Bazarevsky further discloses wherein the model is a self-supervised machine learning model, (Par. 0052-0053, mapping a set of finger states to pre-defined gestures based on hand landmark positions, where the training data can be annotated with ground truth data that indicates three-dimensional coordinates corresponding to hand landmark positions. That is, the one or more machine learning models is trained by annotated or labeled pre-defined gestures based on hand landmark positions, “i.e., the one or more machine learning models is a self-supervised machine learning model”).
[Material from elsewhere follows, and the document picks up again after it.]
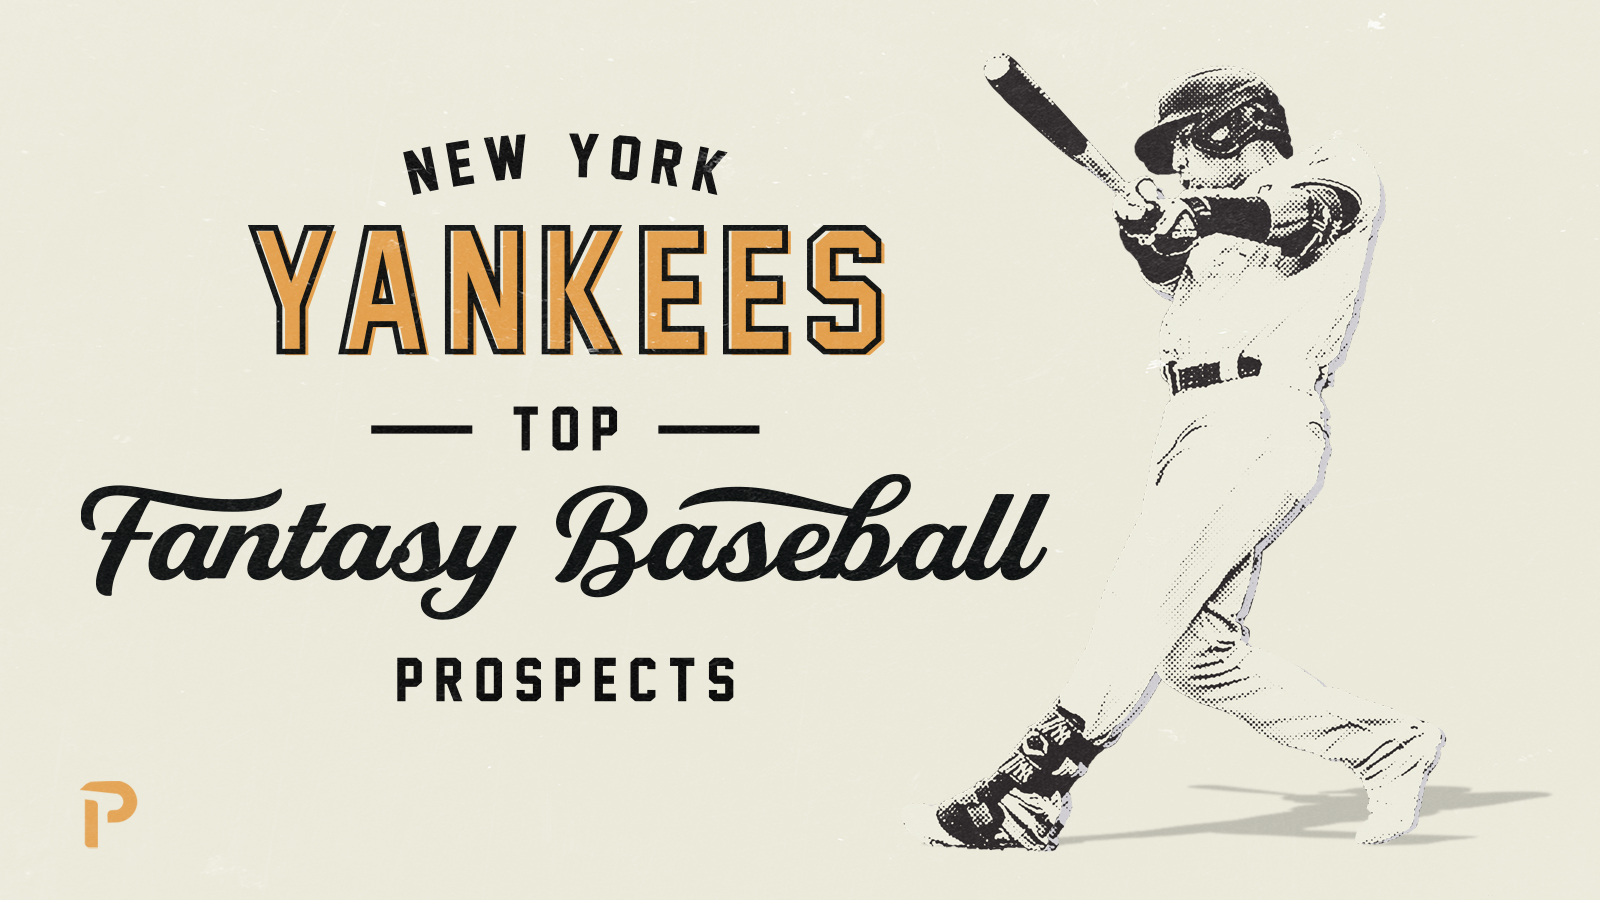 Drew Thorpe leads next wave of Yankees prospects

Regarding claim 12, claim 12 recites substantially similar limitations as set forth in claim 1. As such, claim 12 is rejected for at least similar rational.
The Examiner further acknowledged the following additional limitation(s): “a method for classifying a hand gesture”. However, Bazarevsky discloses the “method for classifying a hand gesture”, (see at least: Par. 0005, “computer implemented method for hand tracking”).
Regarding claim 13, claim 13 recites substantially similar limitations as set forth in claim 2. As such, claim 13 is rejected for at least similar rational.
Regarding claim 18, claim 18 recites substantially similar limitations as set forth in claim 9. As such, claim 18 is rejected for at least similar rational.
Regarding claim 19, claim 19 recites substantially similar limitations as set forth in claim 10. As such, claim 19 is rejected for at least similar rational.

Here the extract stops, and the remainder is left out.